In the first model (… denoted Model5_externaldraft3), the IR does not show up. I though it has to do with the overall external sector part of the model. So I expanded with the all relevant variables in the new model (Model5_external). Now the impulse is not smooth.

My primary focus is Model5_externaldraft3 as it is more simplified. I will appreciate any advise to get the impulse showing. Thanks.

I don’t understand what the problem is. That most variables do not react to epsPOstar? You can check that E move exactly opposite to POstar to leave PO (and the rest of the model) unaffected.

Thanks @jpfeifer . I am trying to get the IRF showing on the simple version of the model (…draft3). You can see that when running there no IRF displayed.

This version shows some IRFs. Note that most IRFs are 0 and therefore not shown. Model5_Externaldraft3.mod (7.6 KB)
You could use irf_plot_threshold = 0 to change that.
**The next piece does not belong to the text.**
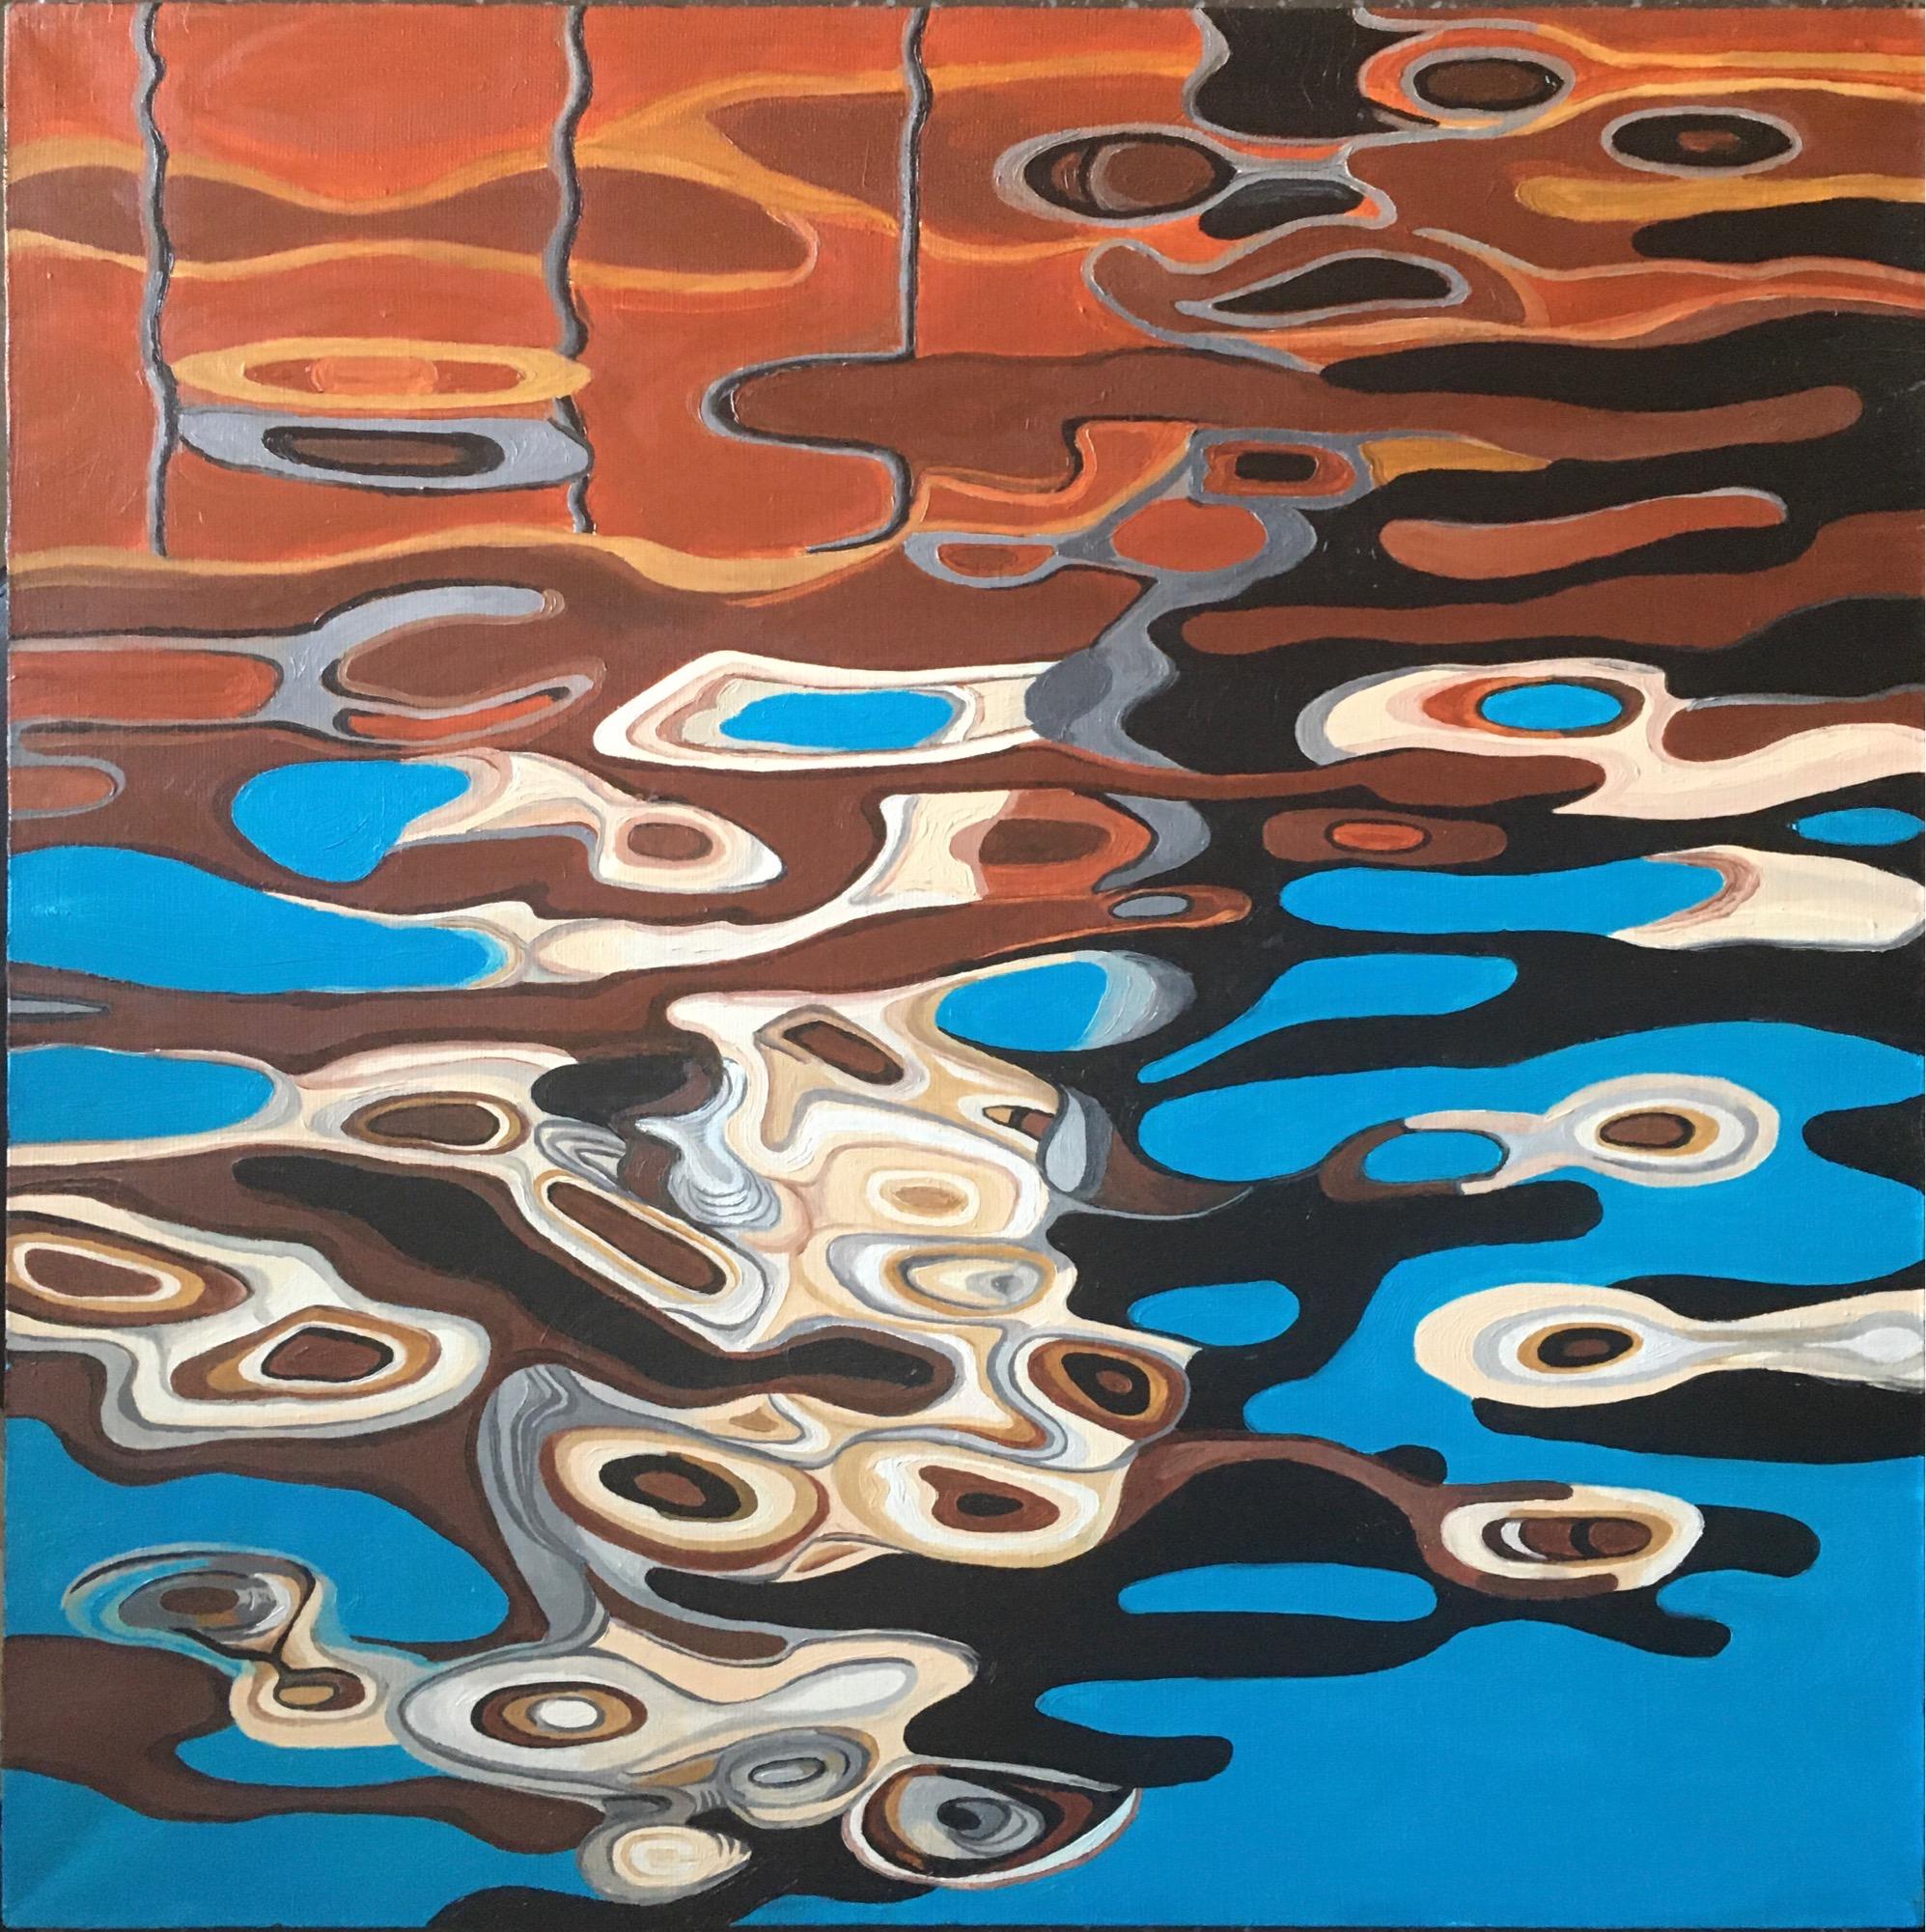 Reflection-abstract painting, made in blue, brown, beige, orange, grey color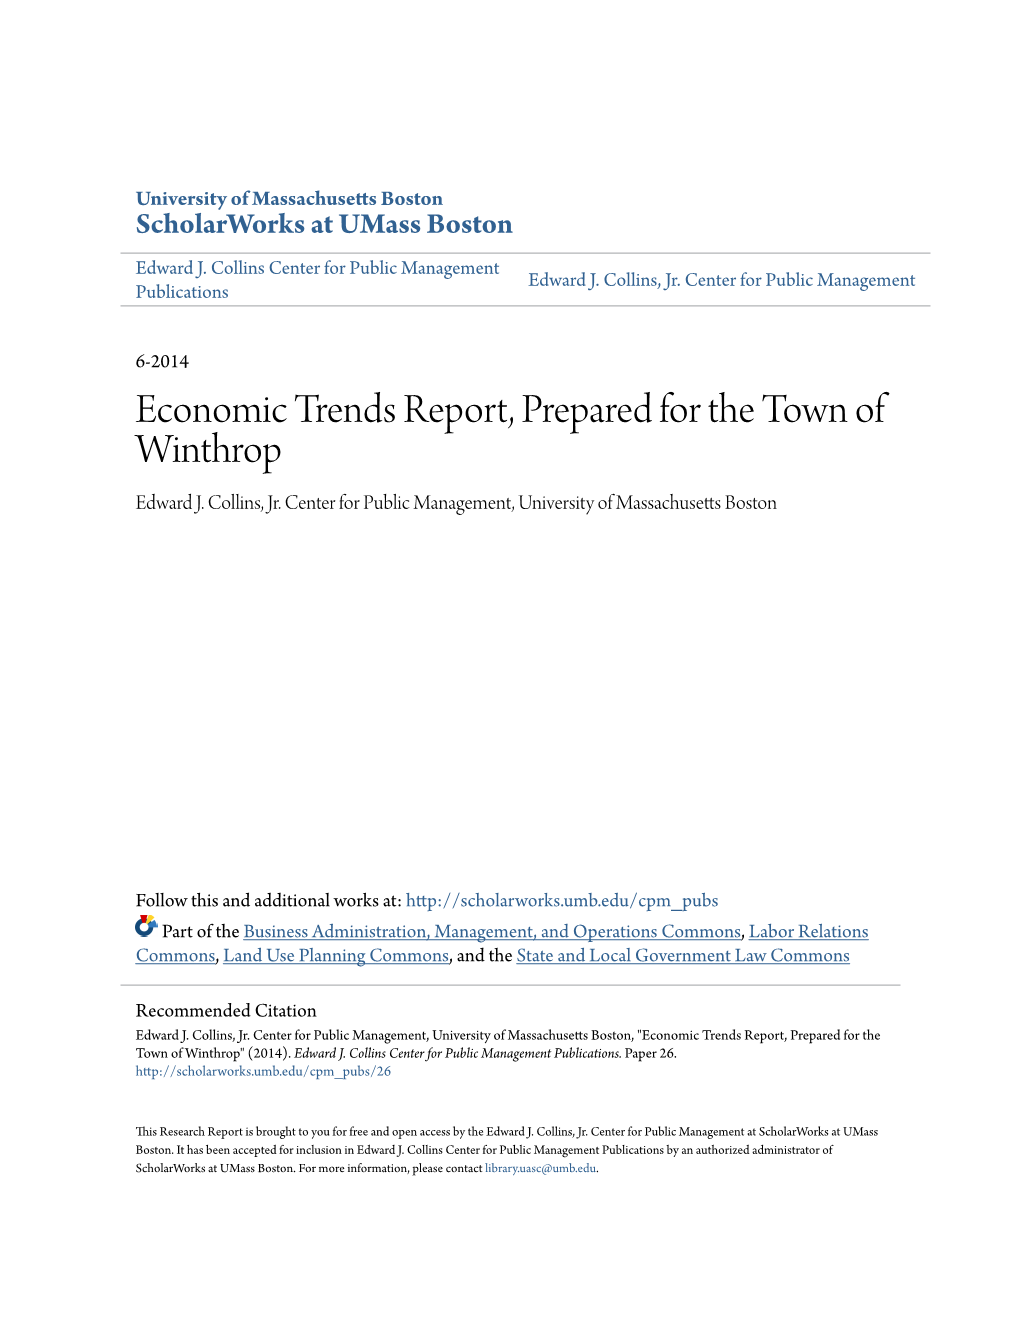 Economic Trends Report, Prepared for the Town of Winthrop Edward J

Thanks a lot @jpfeifer. Is there any way to make the IRF more smooth? Or is it normal? I find it awkward.I tried changing the shock parameters but it does not help much.

Thanks @jpfeifer. I have been looking for any published paper with these wiggles but I did not find any for now. Not sure if moving on with the model expansion will be fine, in terms of publication. I again reduced the model and the equations and noticed that the wiggles comes from the introduction of oil price shock : See lines 172 and 235. Not sure where could the error arise. Do you mind scanning the attached ? Thanks.

Those IRFs are simply 0. They only show small movements due to numerical precision. So your problem is one of the shock not affecting the relevant variables.

@jpfeifer Thanks. I simplified the model to a working level to align with the source paper, and noticed that oil price shock was the main cause. I removed it. I have been trying to reincorporate it back but the same issue arises. I either get zero /nearly zero impulses, or # equation greater than # variables (removing one equation does not help as the BK rank condition fail to verify). Do you think this has to do with the way shock to oil price shock should enter the model or it could be the whole model itself or the parameters. I initially introduce oil shock in this way. But this does not help: Thanks Model5_Externaldraft3.m (4.1 KB) mod5_no_oil_shock.mod (7.3 KB)

Oil prices are an exogenous shock here. So the issue is the transmission into the model. You think harder about the actual economics of what is going on in your model.